━━━ Supplied material ━━━
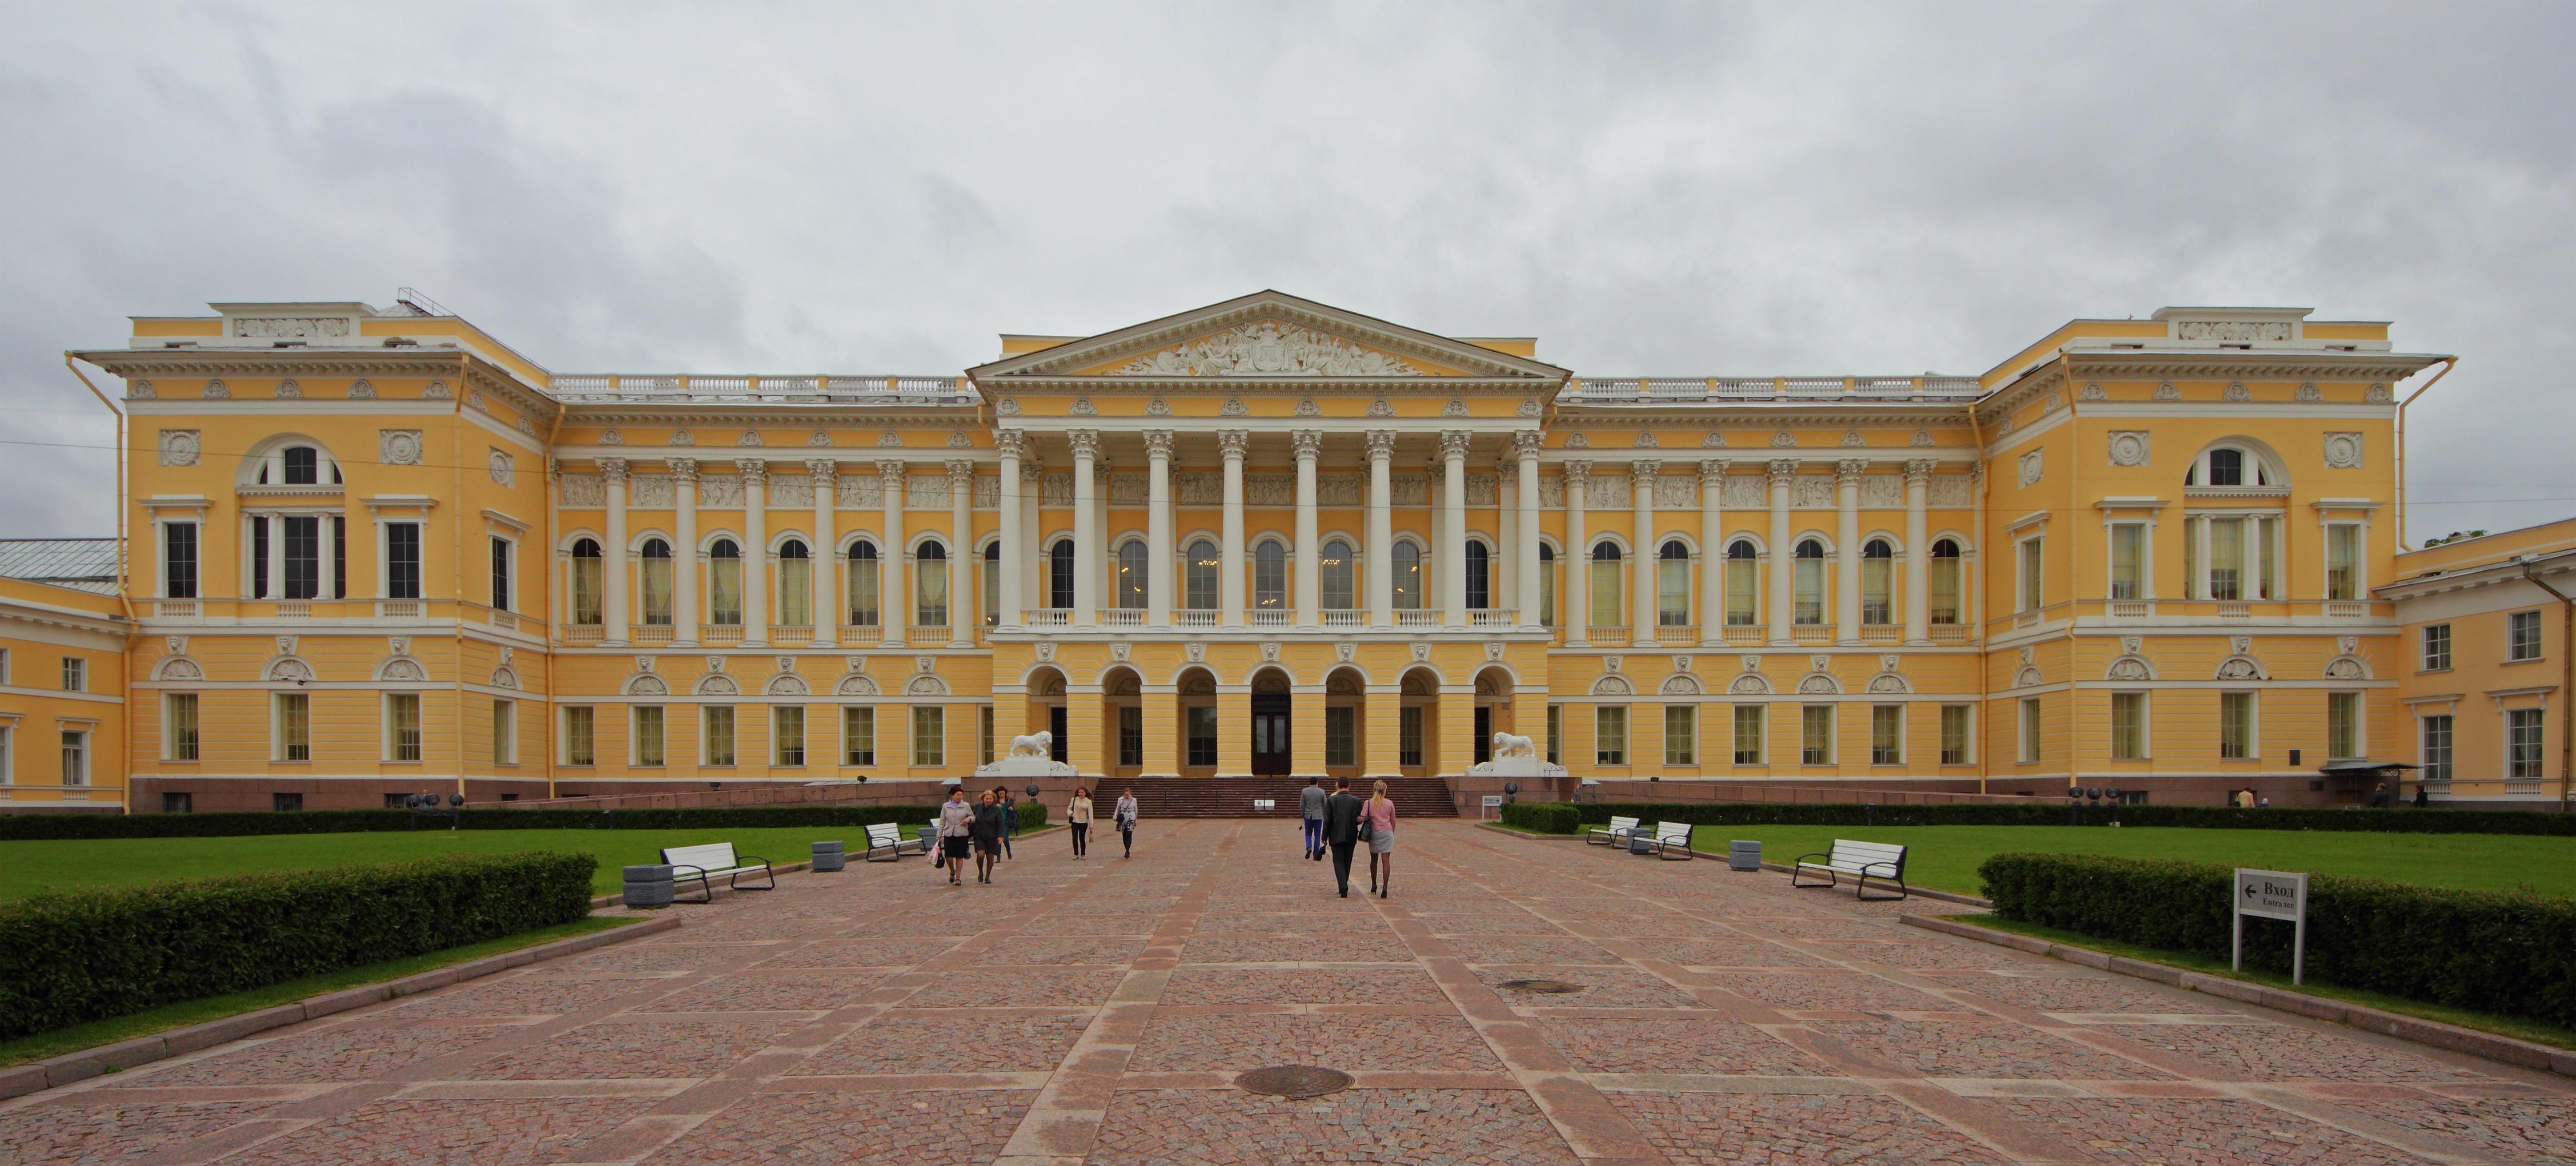 sankt petersborg museum for kunst og kulturhistorie
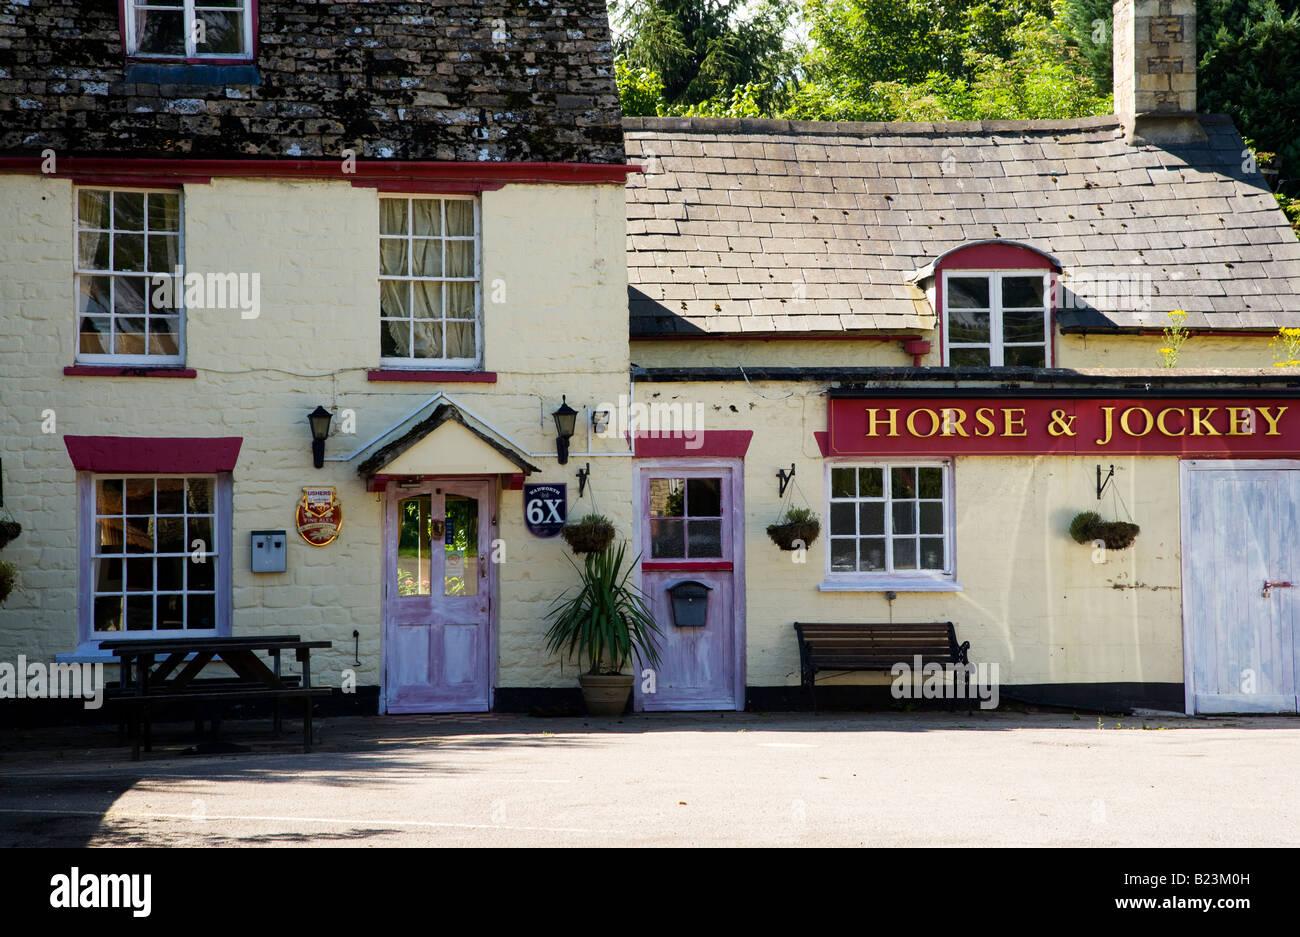 A typical English village pub or inn in Ashton Keynes, Wiltshire, England, UK - Stock Image
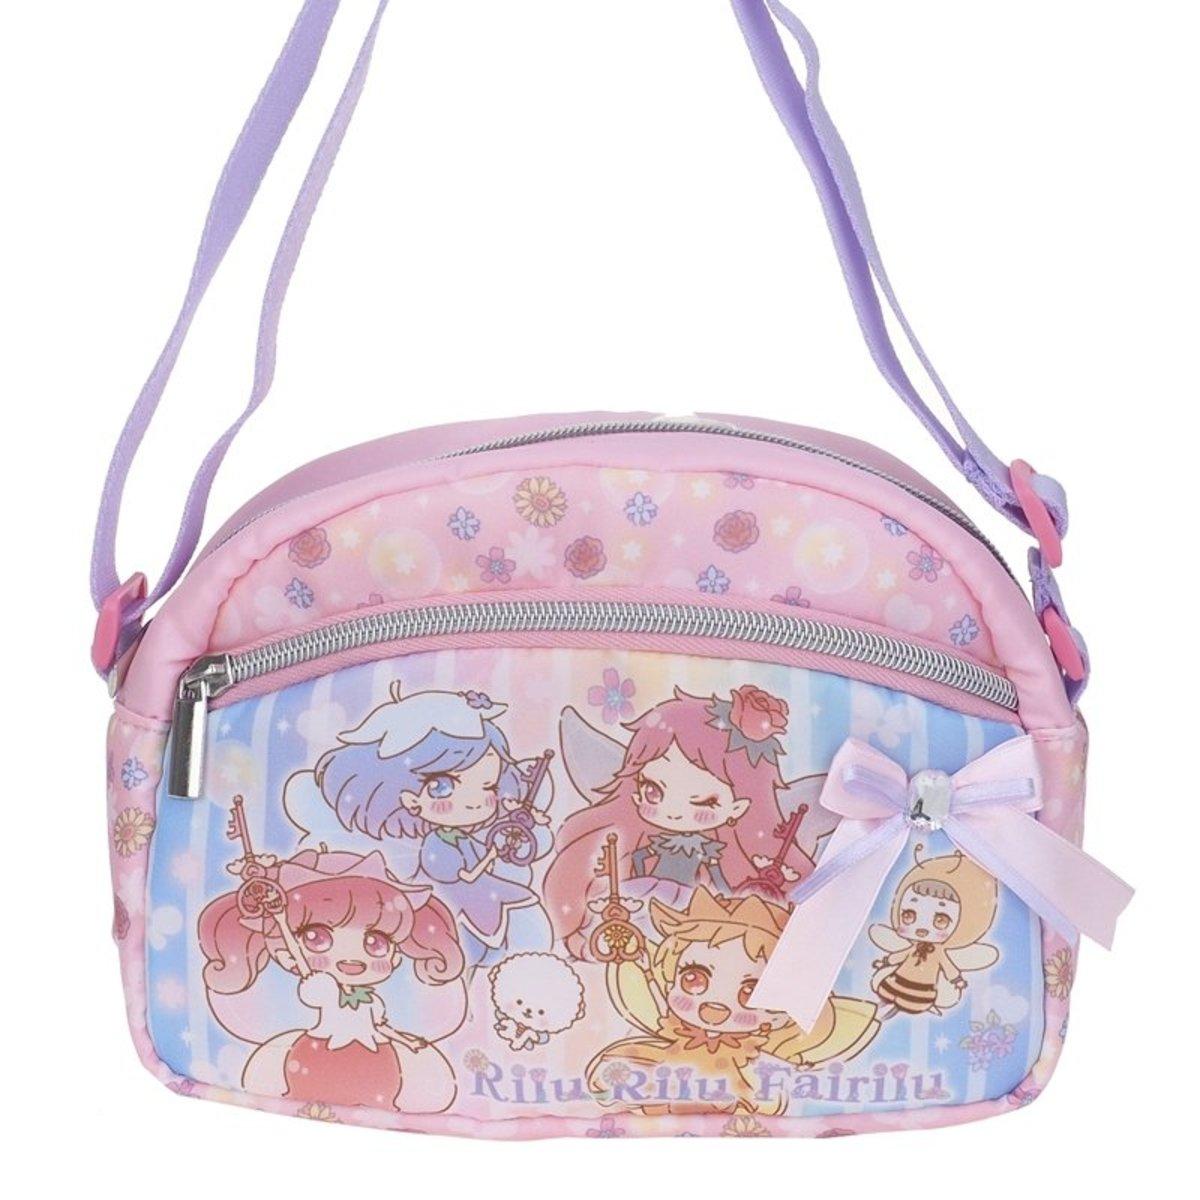 SANRIO- (Rilu Rilu Fairilu Kids Crossbody Bag)
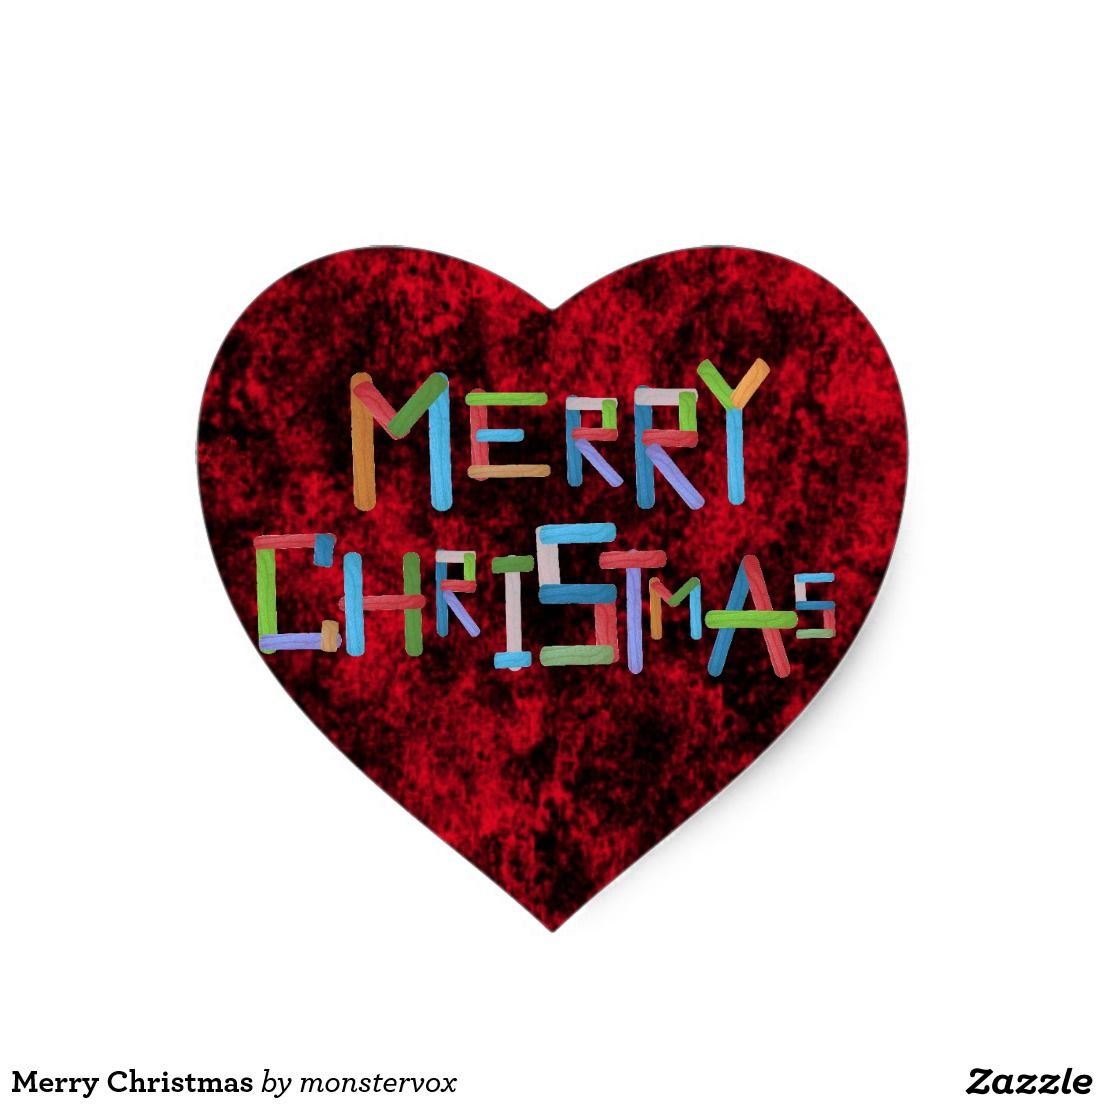 Merry Christmas Heart Sticker #MerryChristmas #Xmas #SantaClaus ...
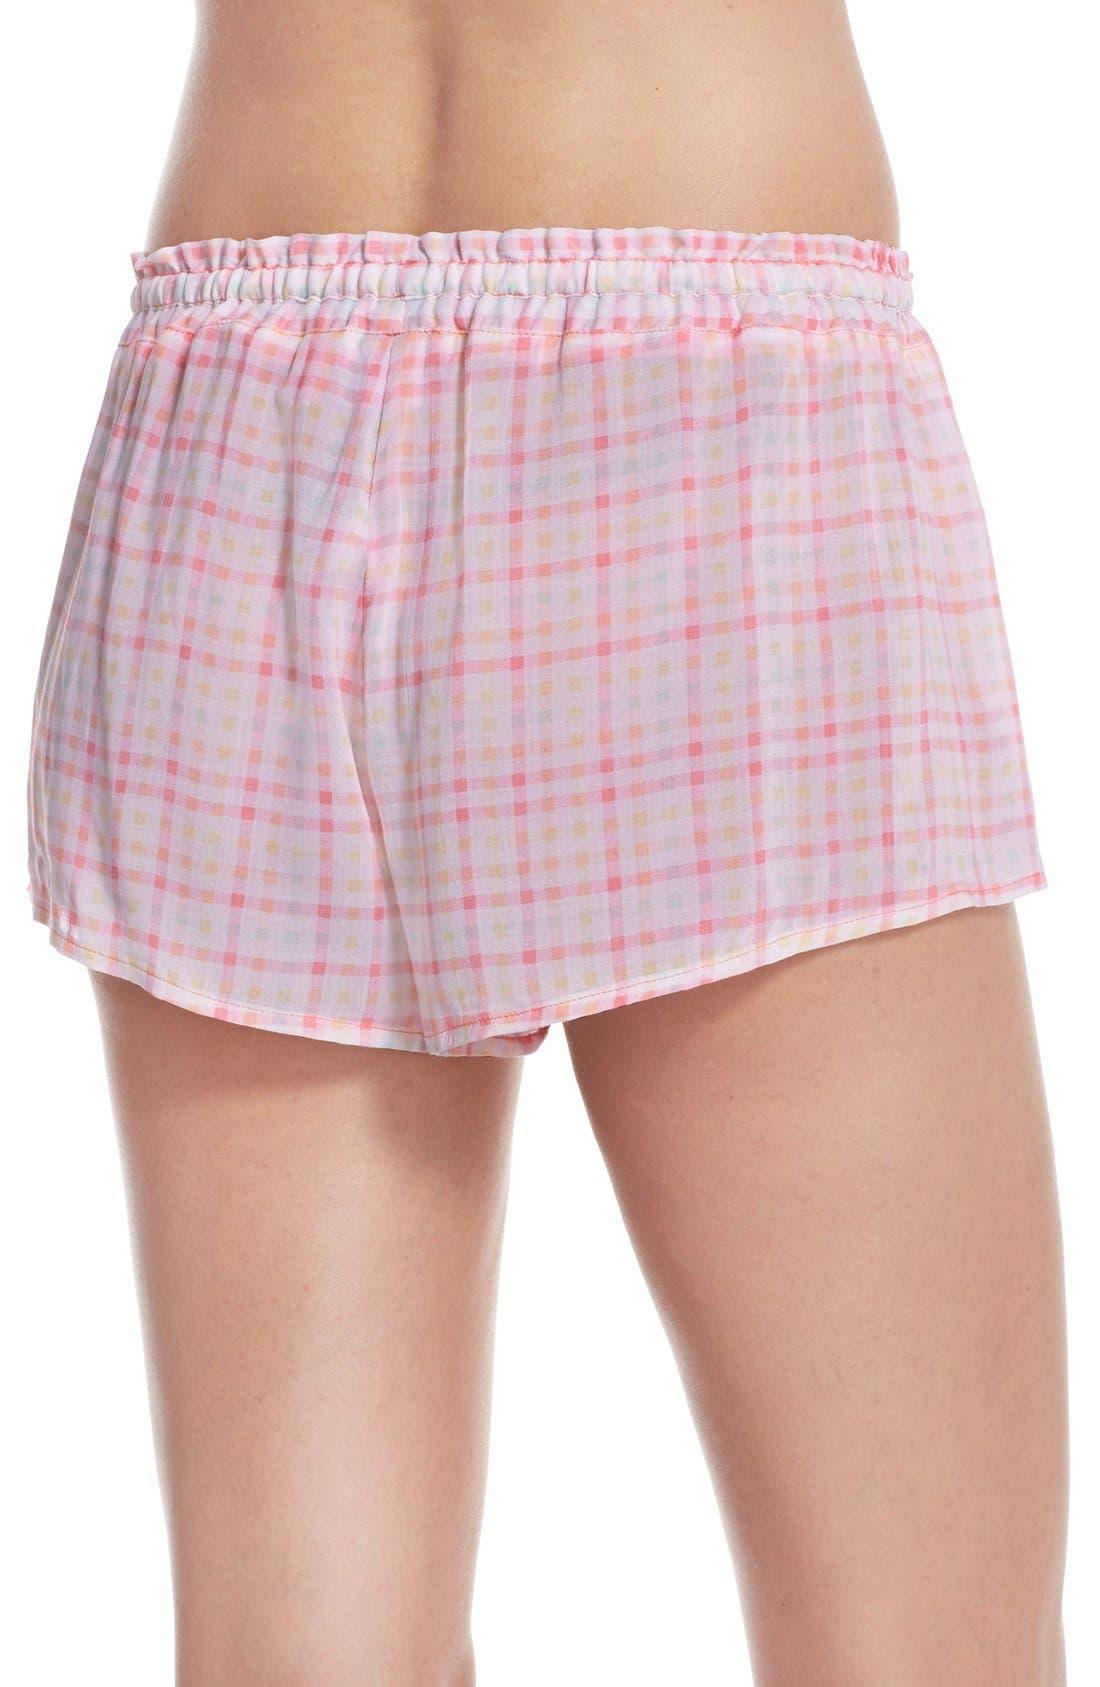 Alternate Image 2  - Make + Model 'Smock' Lounge Shorts
━━━
* [Your goal]: Only the lines from the top of the material through the line containing "SANRIO- (Rilu Rilu" should be written out, exactly and without pictures.

* [Response]:
 sankt petersborg museum for kunst og kulturhistorie
 A typical English village pub or inn in Ashton Keynes, Wiltshire, England, UK - Stock Image
 SANRIO- (Rilu Rilu Fairilu Kids Crossbody Bag)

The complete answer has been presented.